On May 18, 2006, McCafferty noted, "I had heard so much about her book and I had planned on reading it [before the allegations surfaced] ... It was sad and it was a shock that it could happen on such a big scale ... This was a big book that was getting so much attention and publicity. It is the most surreal thing that's ever happened to me." Alerted to the situation two weeks before The Harvard Crimson picked up the story, she stated that "The media broke it and I was sick to my stomach ... People don't know how hard it was to have somebody else take that from me and try and profit. As someone [who has been] writing my entire life, to build my career, it almost made me lose faith in the publishing industry." Though Alloy Entertainment had previously stated that it helped Viswanathan conceptualize the book but did not help with the actual writing, McCafferty also raised the issue of their possible culpability in the scandal. As book packagers sometimes use their own staff or hire freelance writers to ghostwrite manuscripts for publishers, McCafferty asked, "Was it the book packagers who really wrote the book and plagiarized my books or was it her?"

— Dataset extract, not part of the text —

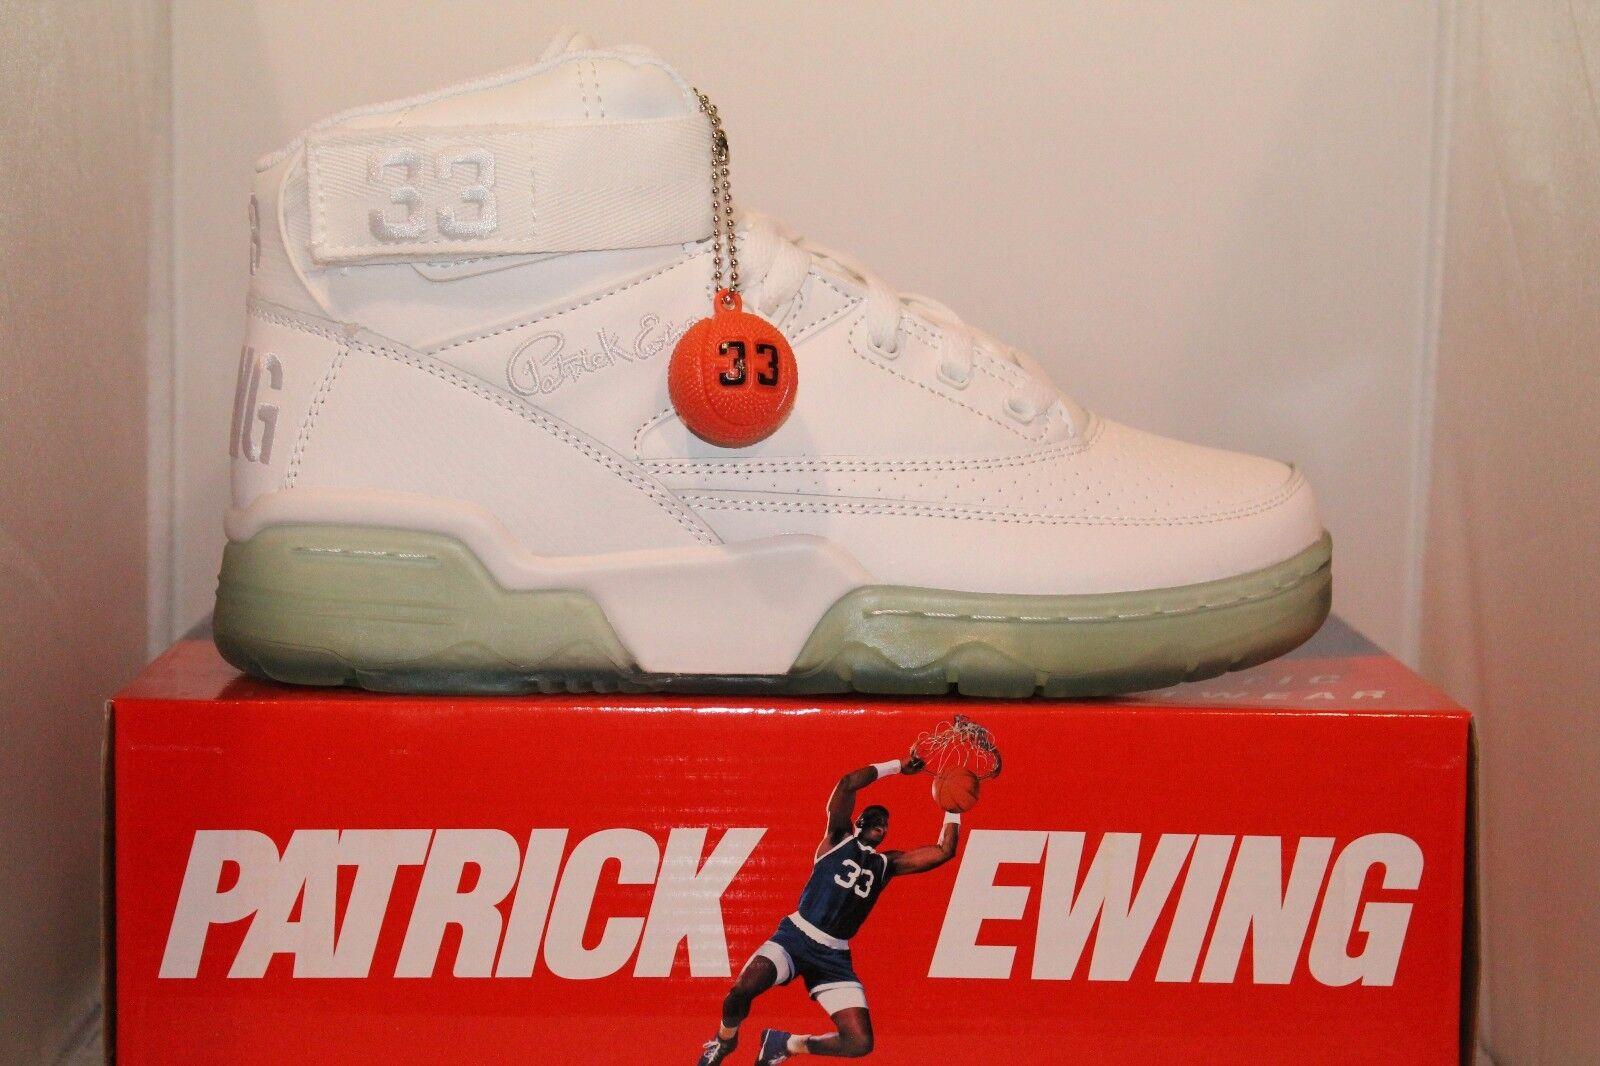 Uomo Patrick Ewing 33 MID Retro WHITE CLEAR ICE GUM Classic Retro MID Basketball Shoes 33cb10

Of Viswanathan being remembered for the scandal, McCafferty also said, "I wouldn't want to be defined by a mistake made in such a public way ... I hope she can move on from this. I hope that for both of us." In addition, she noted that "Books for teens have taken a huge beating in the media" in the aftermath of the incident. "These very elitist comments about 'how all books for teens are crap; so isn't this just crap stealing from crap'. My books are not crap." McCafferty noted that she was insulted by an opinion letter published in The New York Times in which one writer wrote that teen books are "undemanding literature for undemanding readers." "There's so much good writing for teenagers now," she said. "People make across the board judgments."

The reception and fallout from the publication of the novel was discussed by Shaleena Koruth in the 2014 book Postliberalization Indian Novels in English: Politics of Global Reception and Awards.